The Leader of the Opposition in South Australia is the leader of the largest minority political party or coalition of parties, known as the Opposition, in the House of Assembly of the Parliament of South Australia. By convention, the leader of the opposition is a member of the House of Assembly. The leader acts as the public face of the opposition, and acts as a chief critic of the government and ultimately attempt to portray the opposition as a feasible alternate government. They are also given certain additional rights under parliamentary standing orders, such as extended time limits for speeches.
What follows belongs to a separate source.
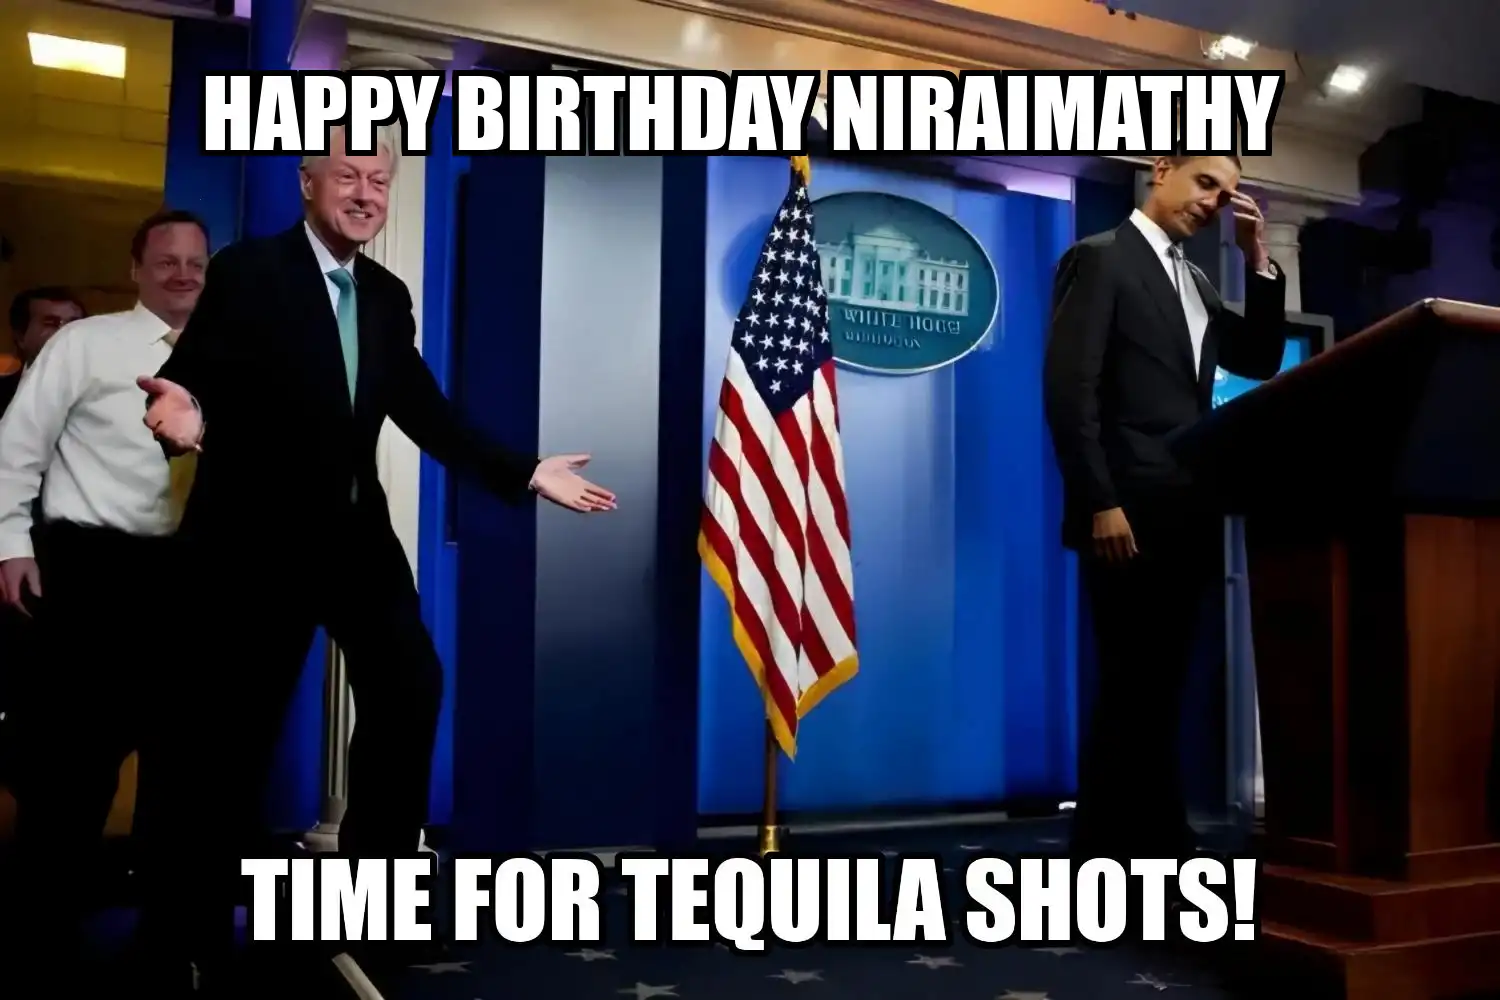 Happy Birthday Niraimathy Time For Tequila Shots Memes

Should the opposition win an election, the Leader of the Opposition will be nominated to become the Premier of South Australia.

Before the 1890s when there was no formal party system in South Australia, MPs tended to have historical liberal or conservative beliefs. The liberals dominated government from the 1893 election to 1905 election with Labor support, with the conservatives mostly in opposition. Labor took government with the support of eight dissident liberals in 1905 when Labor won the most seats for the first time. The rise of Labor saw non-Labor politics start to merge into various party incarnations. The two independent conservative parties, the Australasian National League (formerly National Defence League) and the Farmers and Producers Political Union merged with the Liberal and Democratic Union to become the Liberal Union in 1910. Labor formed South Australia's first majority government after winning the 1910 state election, triggering the merger. The 1910 election came two weeks after federal Labor formed Australia's first elected majority government at the 1910 federal election.

In an historical record, Steven Marshall was the fifth consecutive Liberal opposition leader during their 2002 to 2018 opposition period. In comparison, every former Labor opposition leader for over half a century would also proceed to serve as Premier.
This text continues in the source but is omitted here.